I hope Mrs. Spork sends me a bad butterknife. I'll bet that on return she names it "*ol' Betsy*."


----------



## Mrs. Spork (Jan 30, 2017)

The Tourist said:


> @Mrs. Spork re: "where exactly do you think you'll be able to buy a kitchen knife"
> 
> Ah, finally something I know about! I would ask you this, "_Why does a butterknife have to be used for butter_?"
> 
> ...


Hey... I never said I'd part with my current knife collection  ...thinking of it maybe we should invest in used cutlery... That may well be quite the barter item after the proverbial fan shuts off. 

Sent from my LM-G850 using Tapatalk


----------



## The Tourist (Jun 9, 2016)

*Mrs. Spork* re: That may well be quite the barter item after the proverbial fan shuts off.

Well, I'm not much of a Tina Turner fan.

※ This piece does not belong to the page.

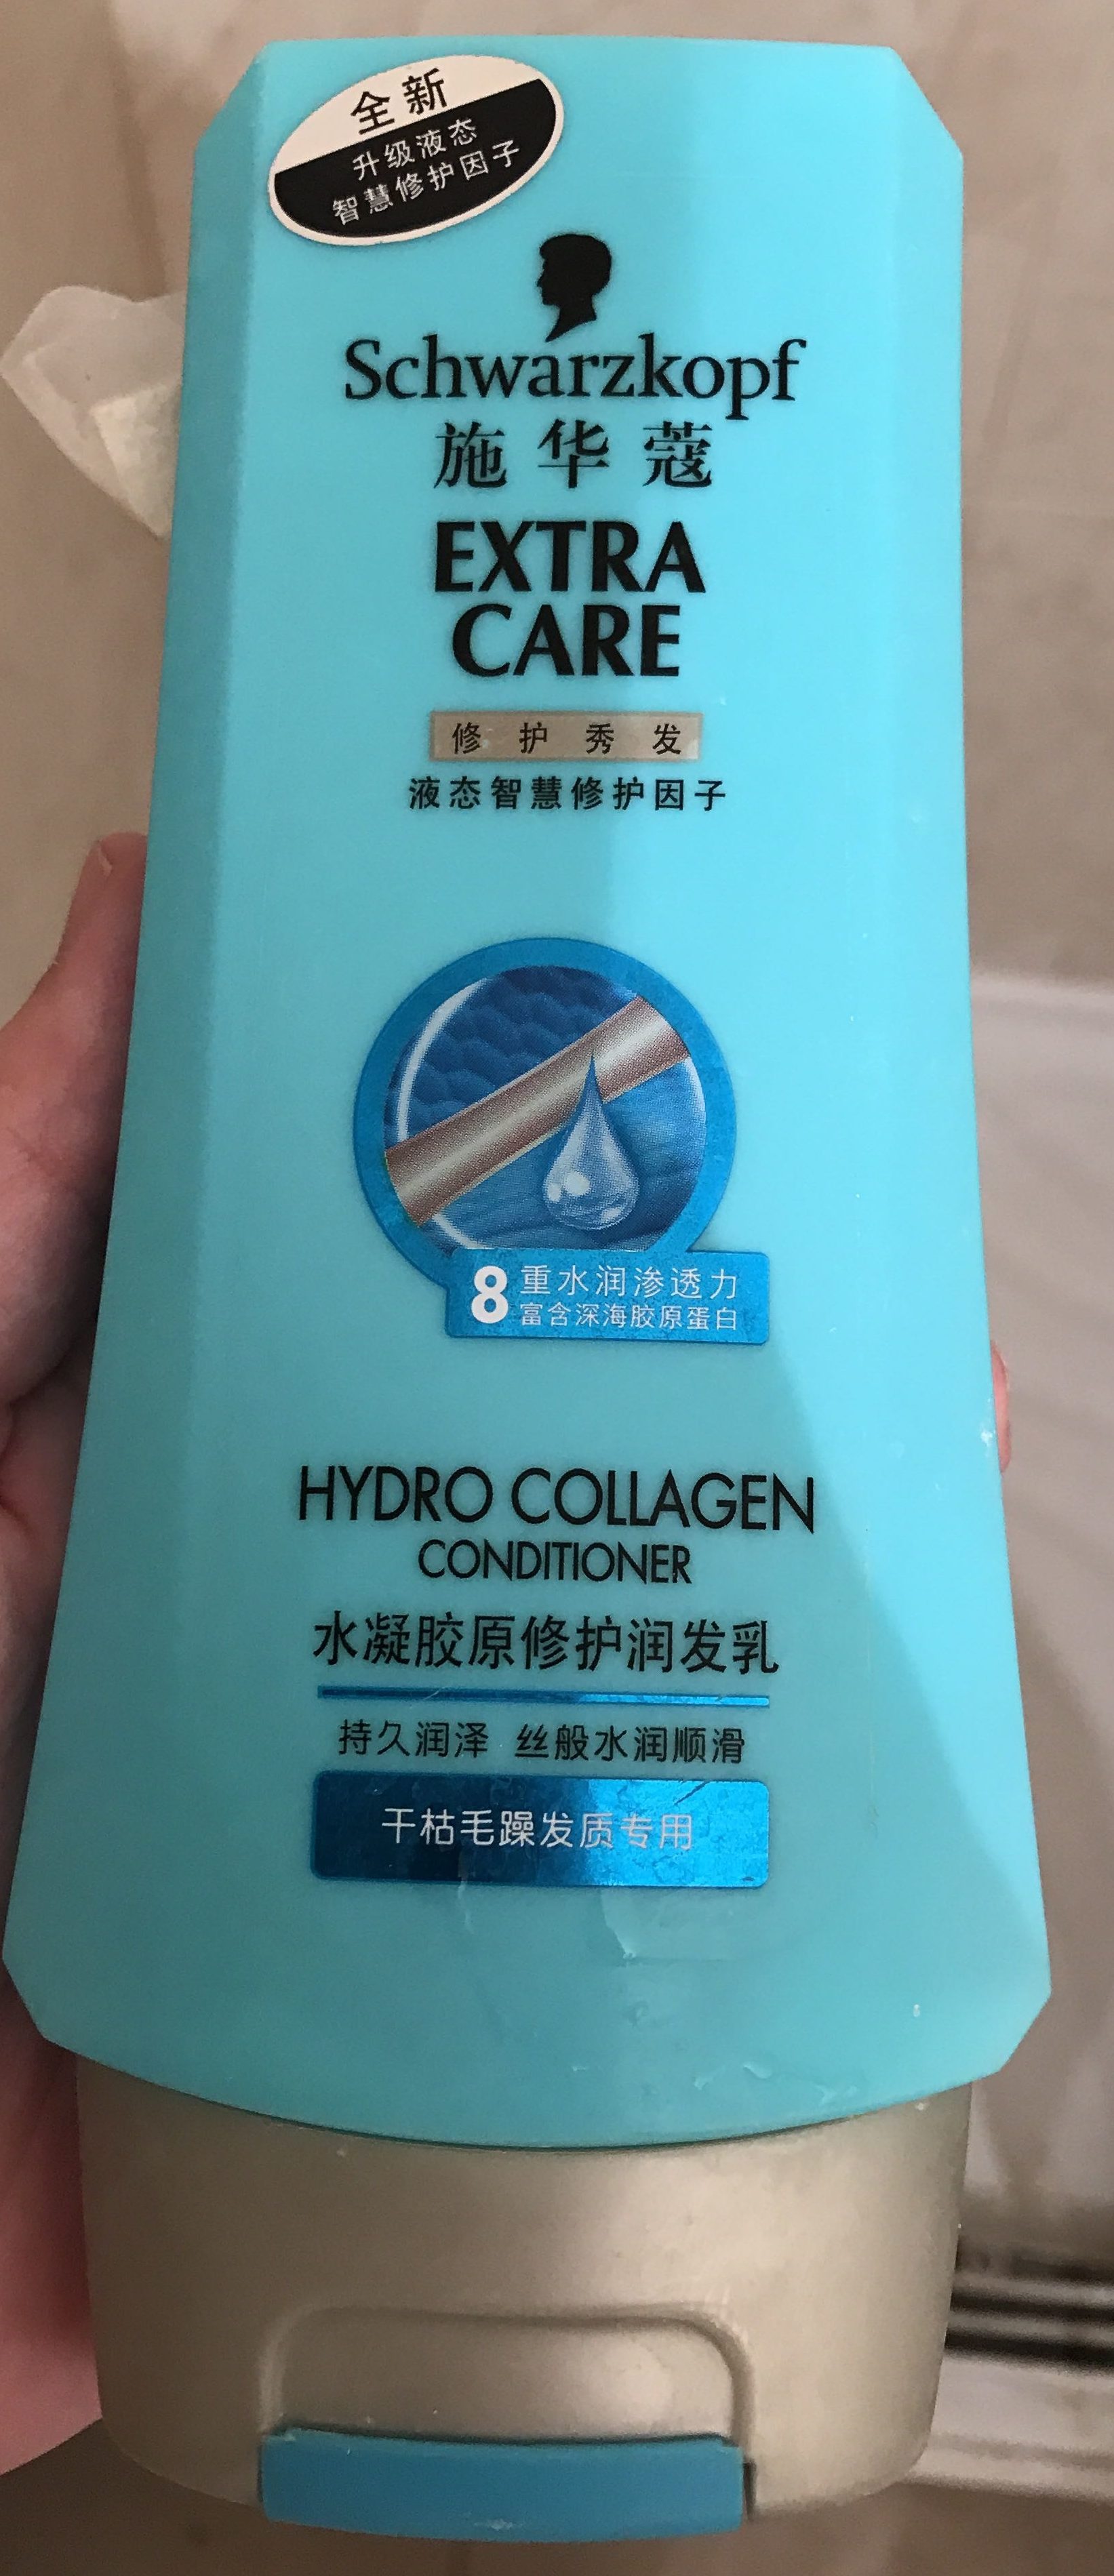 Extra Care 修护润发 Hydro Collagen Conditioner - Produkt - zh

I think if given the choice I would agree to shovel pig slop with Mel Gibson than to talk smart to Tina Turner.

Perhaps you should talk to our "Annie." I have made incredibly sharp knives for any combat she might face, but she just slices and dices dinner's evening meal.

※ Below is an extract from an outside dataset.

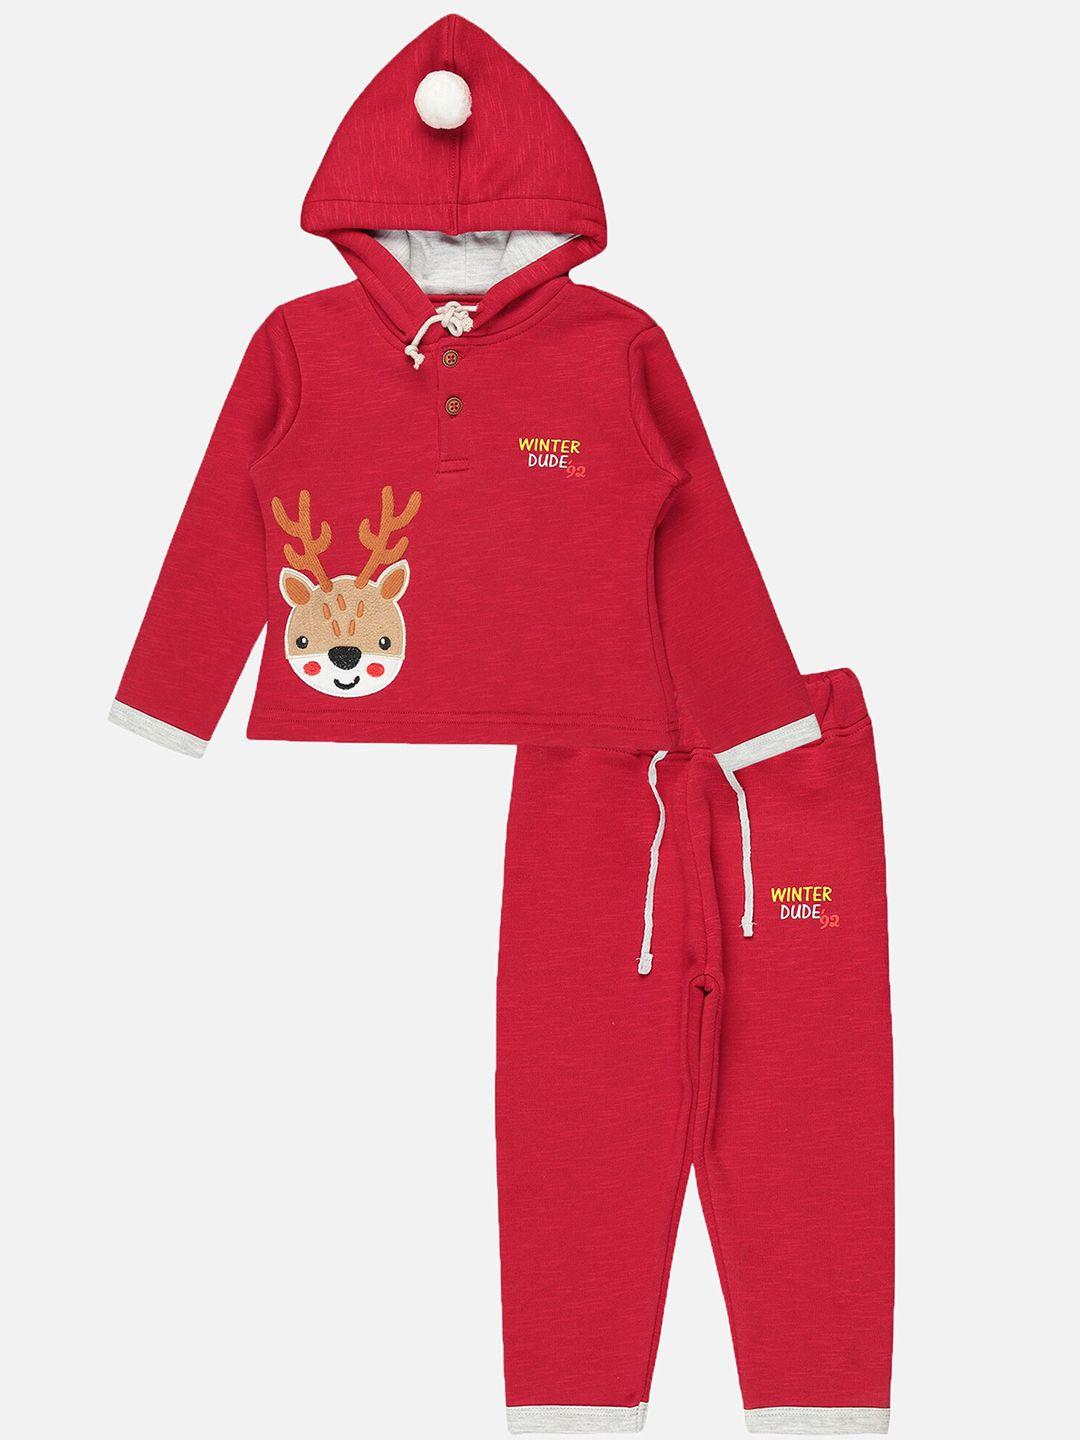 bodycare-kids-infant-boys-applique-detailed-hooded-sweatshirt-with-trouser

When your knife is worth more than the food, you have a problem...


----------



## Back Pack Hack (Sep 15, 2016)

So..... an article about how to prep.... written by a non-prepper......?


----------



## NMPRN (Dec 25, 2020)

The article recommends that you have a suicide pill. ...now that's a winning spirit <rolleyes>

I dunno, the Panda guy sounds like he's ready for anything


----------



## SOCOM42 (Nov 9, 2012)

NMPRN said:


> The article recommends that you have a suicide pill. ...now that's a winning spirit <rolleyes>
> 
> I dunno, the Panda guy sounds like he's ready for anything


We all have a suicide pill, it is called hoe and Joe.


----------